Three alternative ways to charge your iPod
Whether you're heading on a camping expedition or simply fancy boosting your eco credentials, you’ll be pleased to know that charging iPods, phones and other portable gadgets no longer requires a power socket. Here are our top three alternatives.
3. Put a spring in your step
Several different companies have designed devices to capture the energy created as you move around – known as kinetic energy.
These gadgets use induction, also called the Faraday effect, according to which moving a conductor inside magnetic field generates a current. As you walk, jog or even dance around, a metal component and a magnet are shaken about and their movement relative to each other creates an electrical current.
Find related websites on kinetic energy with physics.org.
2. Solar powered swimwear
If you fancy a more laid back way of generating electricity, the solar powered bikini may fit the bill. Perhaps the ultimate in geek chic, this invention allows you to power up your electronics whilst basking in the sun. On the downside, the solar cells won’t withstand a dip in the pool, so you might be better off sticking to traditional solar panels. Portable solar energy chargers are now widely available and are proving just as useful for powering telecommunications appliances in remote areas of the world as for topping up your iPod battery on the beach.
If sunny spells are few and far between, how about wind power? If you have a bike, you can even produce a breeze of your own by fixing a turbine on the handlebars. Like the kinetic energy harvesters, wind turbines rely on induction to turn mechanical energy into electricity.
1. Hamster power
Is your hamster keeping you awake at night? There’s not much we can do about that, but new technology can convert your rodent’s wriggles into electricity.
To this end, researchers from Georgia Tech Univeristy kitted a few helpful hamsters out in miniature waistcoats containing tiny wires. These produce power in the form of piezoelectricity, created when certain materials are bent and then relaxed.
Armies of hamsters are unlikely to provide tomorrow’s energy, but make good test subjects for studying power generation from what is known as biomechanical energy. In the long run, the movement of your fingers on the keypad or the vibrations created by your voice could power your phone.

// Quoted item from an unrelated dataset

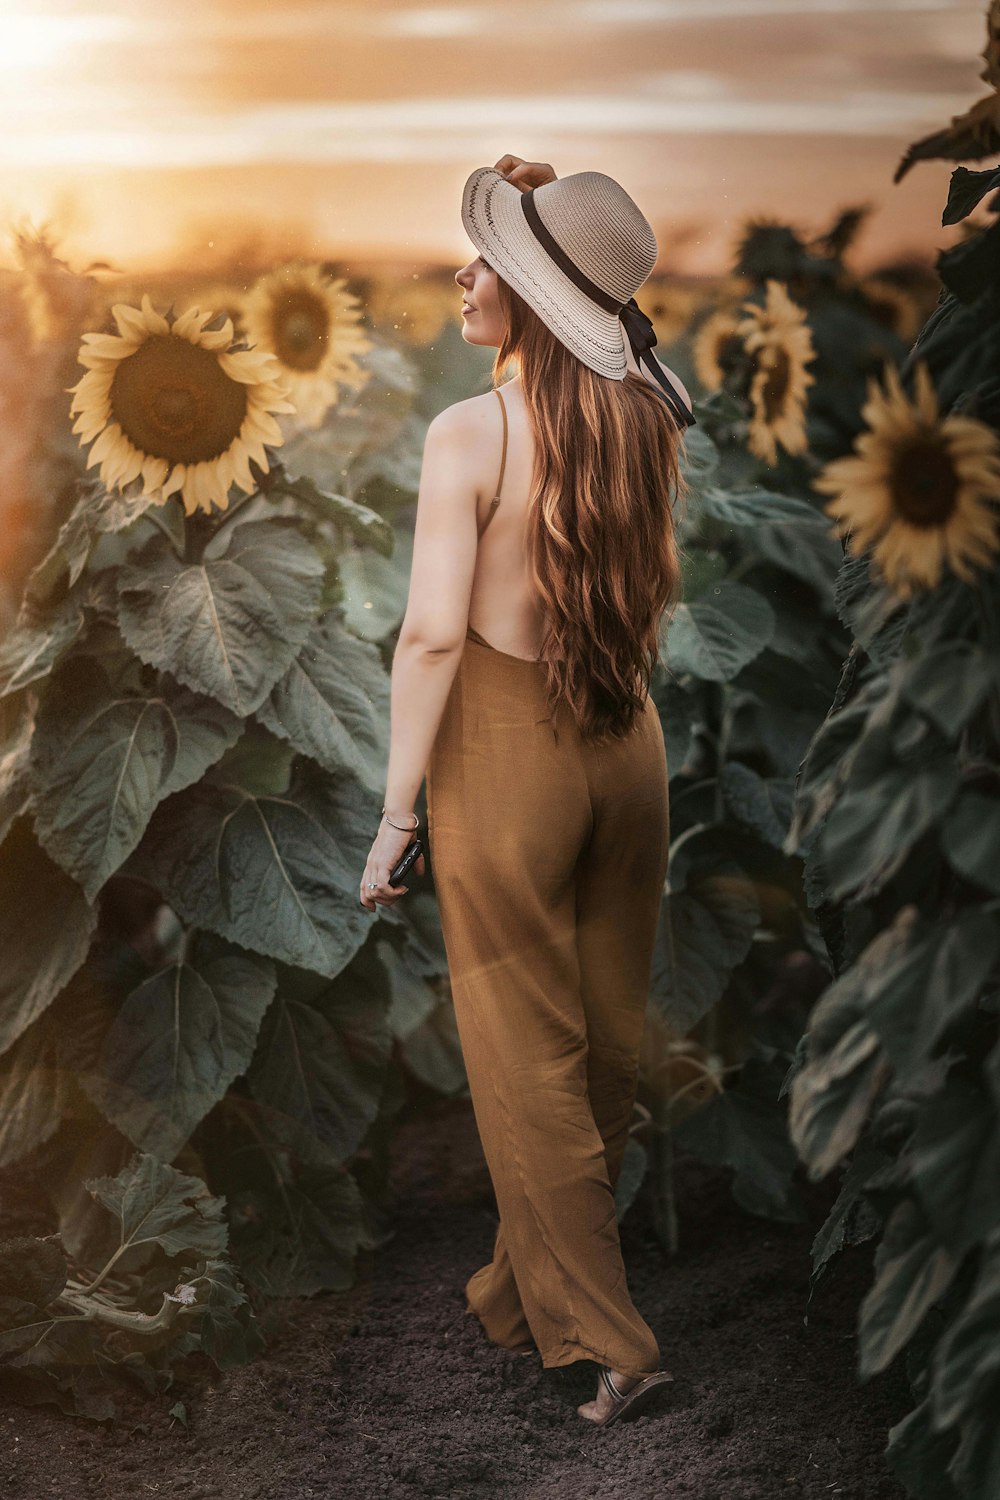 woman in brown sleeveless dress standing on sunflower field during daytime
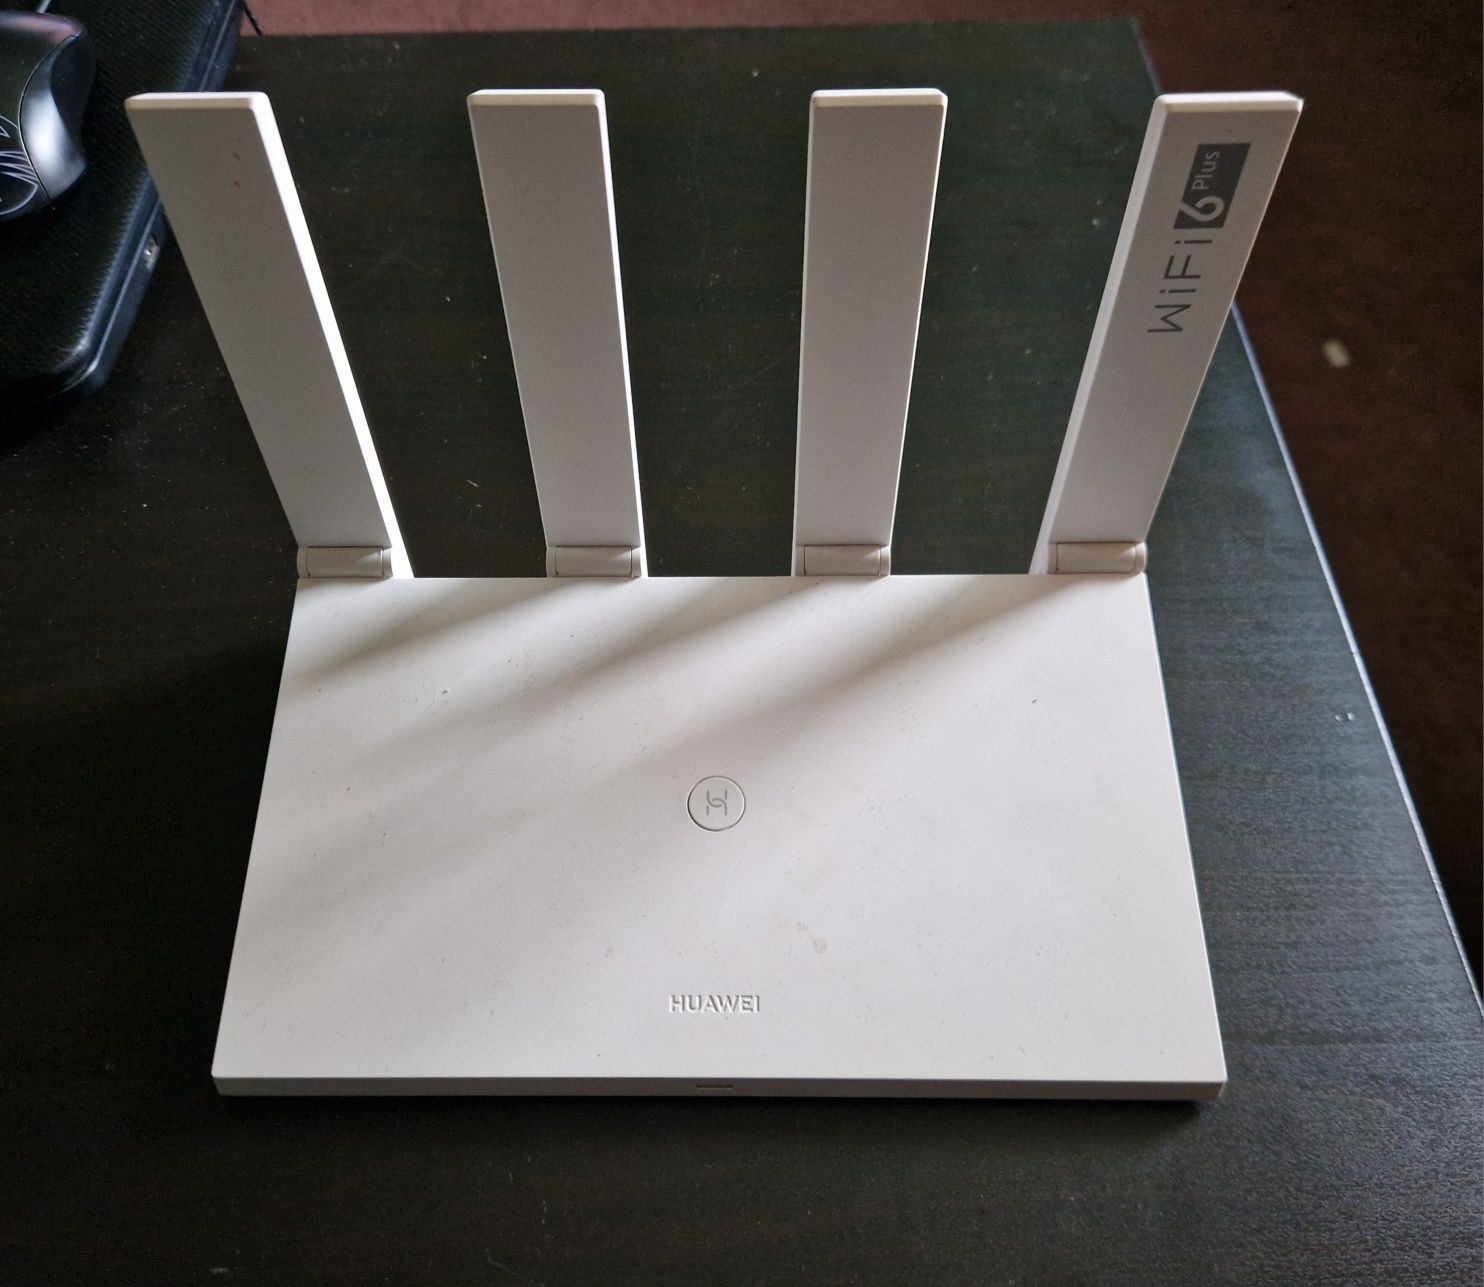 Router Huawei WS7100

Find related websites on piezoelectricity with physics.org
And one that won’t work…
A widespread hoax online claims to show how you can charge your iPod with an onion, a few wires and a bottle of energy drink. Whilst this video is fake, it is possible to generate an electric current using fruit and veg, with citrus fruits giving the best results. The trouble is, the electrical current produced is however unlikely to be enough to charge your iPod. With one lemon, the best you’ll be able to do is light up an LED.